#### Your objective
Please retype the listing below word for word and exclude its images.

#### Data below
.....

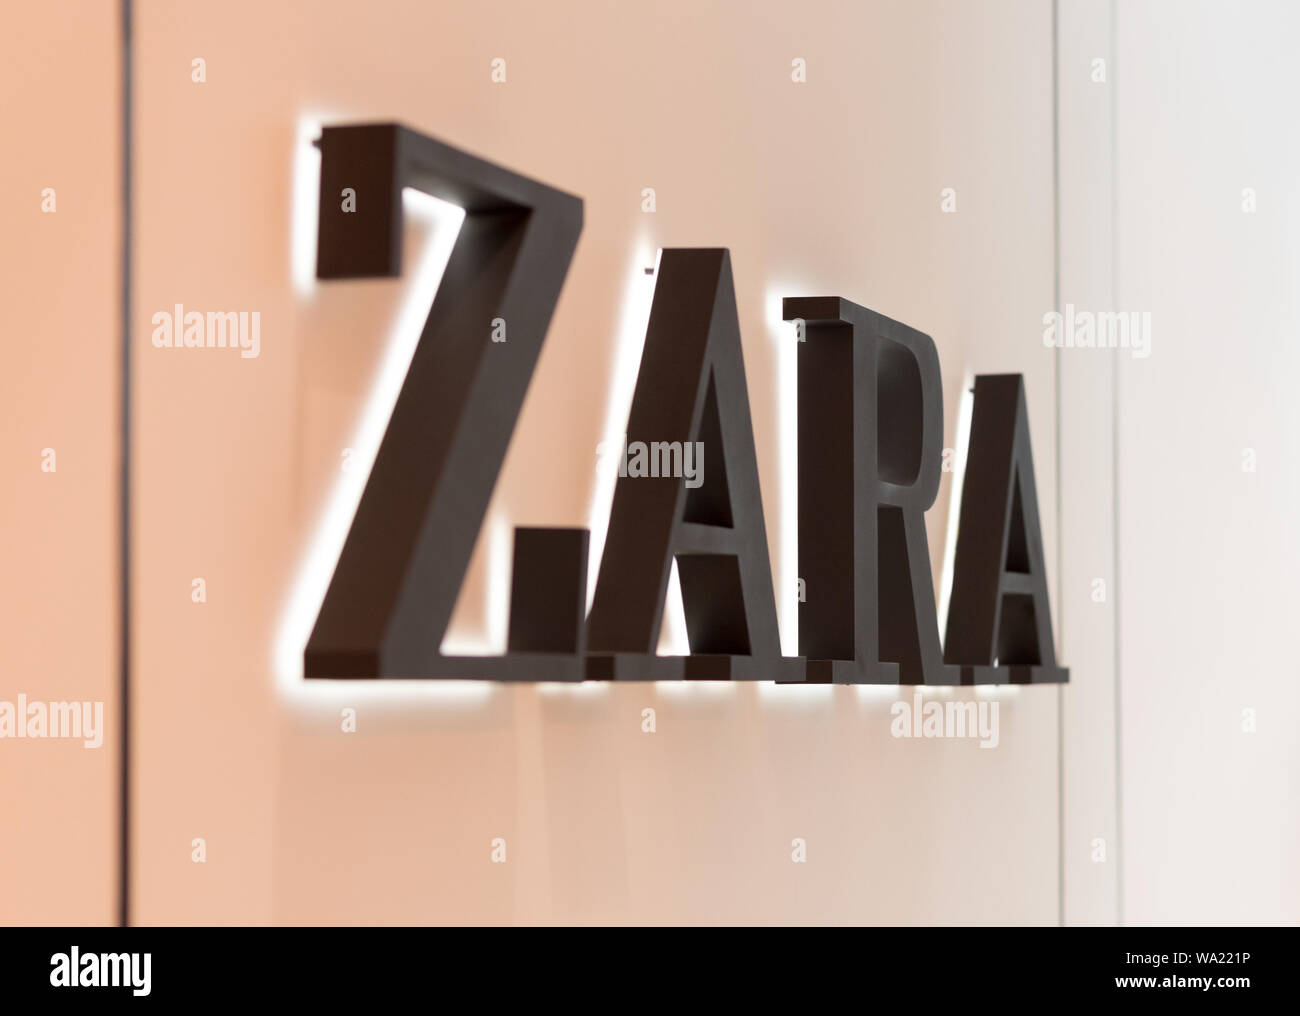 Bangkok, Thailand - May 26, 2019: a closeup of ZARA clothing shop sign. Stock Photo
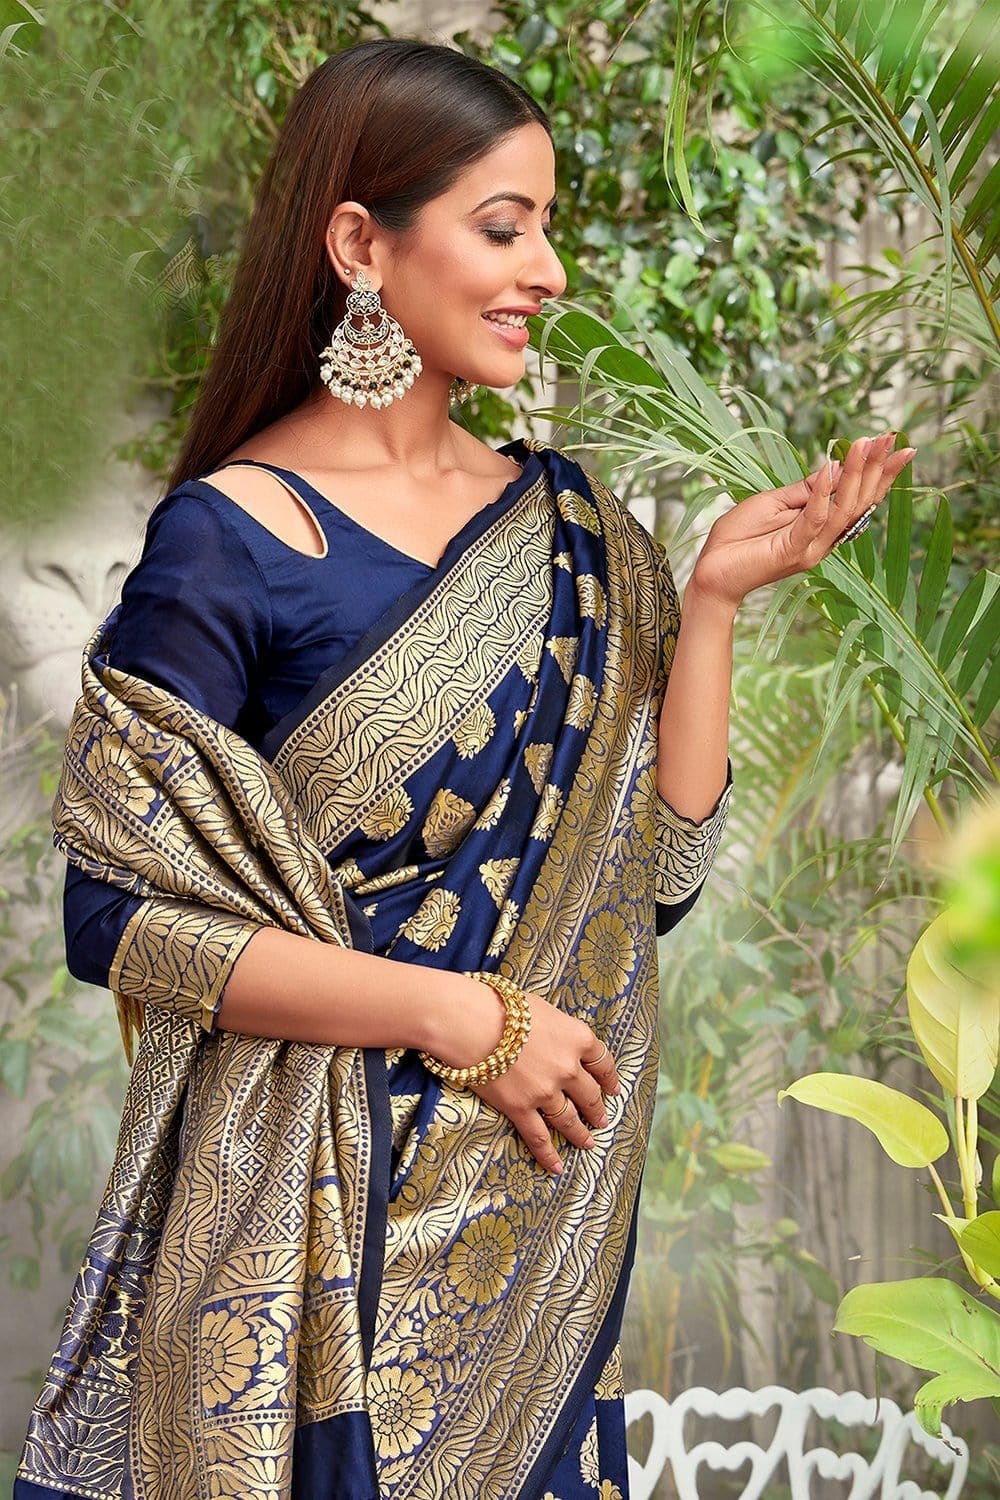 Where should I get the best quality silk saree? - Quora
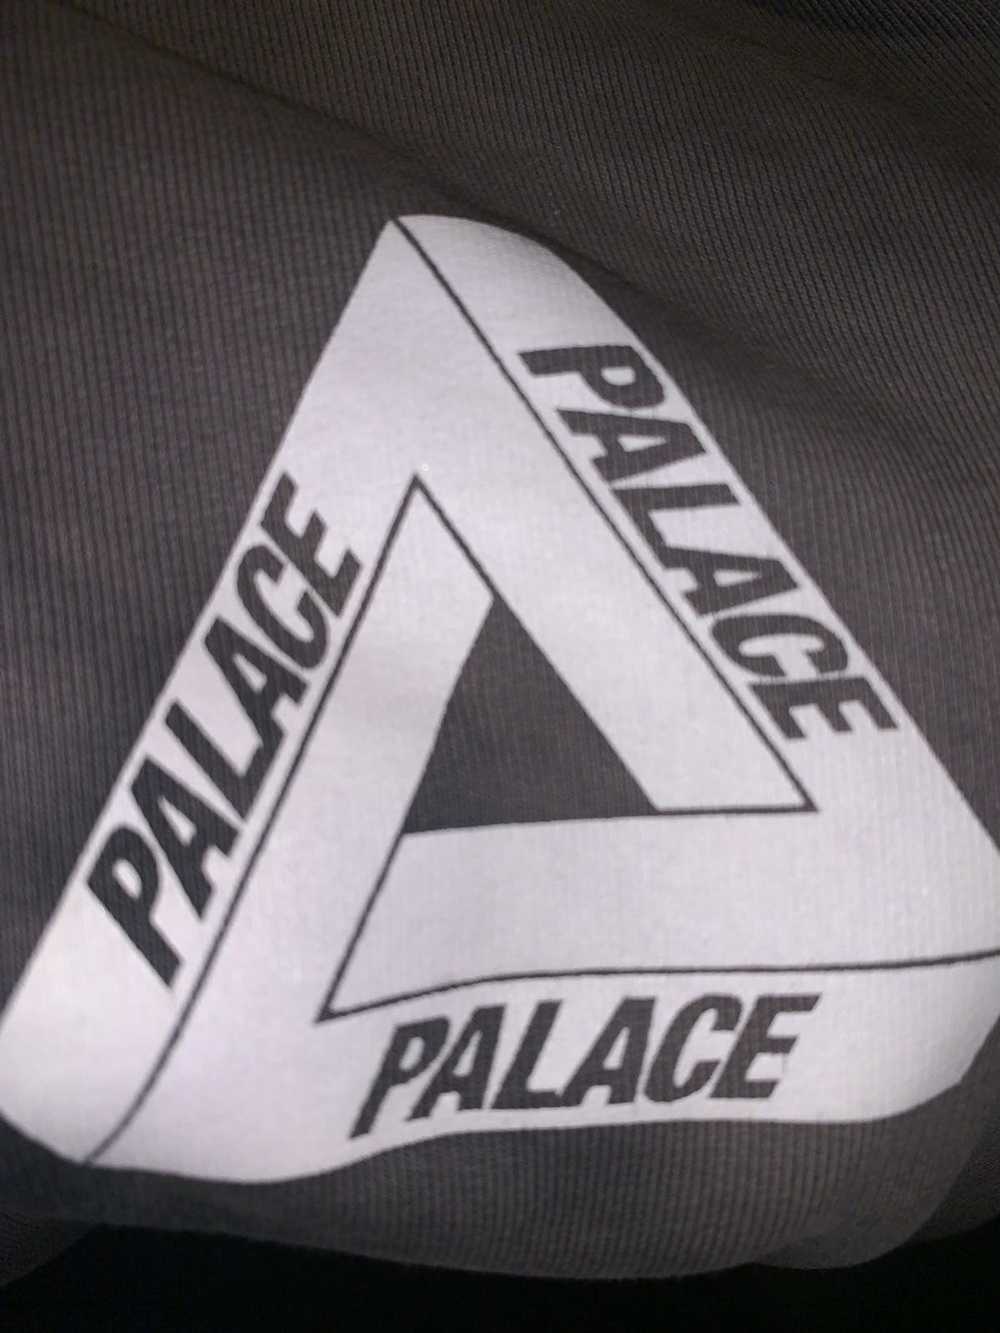 Palace Extremely rare Palace sweatshirt - image 3

.....

#### Solution to this exercise
 Bangkok, Thailand - May 26, 2019: a closeup of ZARA clothing shop sign. Stock Photo
 Where should I get the best quality silk saree? - Quora
 Palace Extremely rare Palace sweatshirt - image 3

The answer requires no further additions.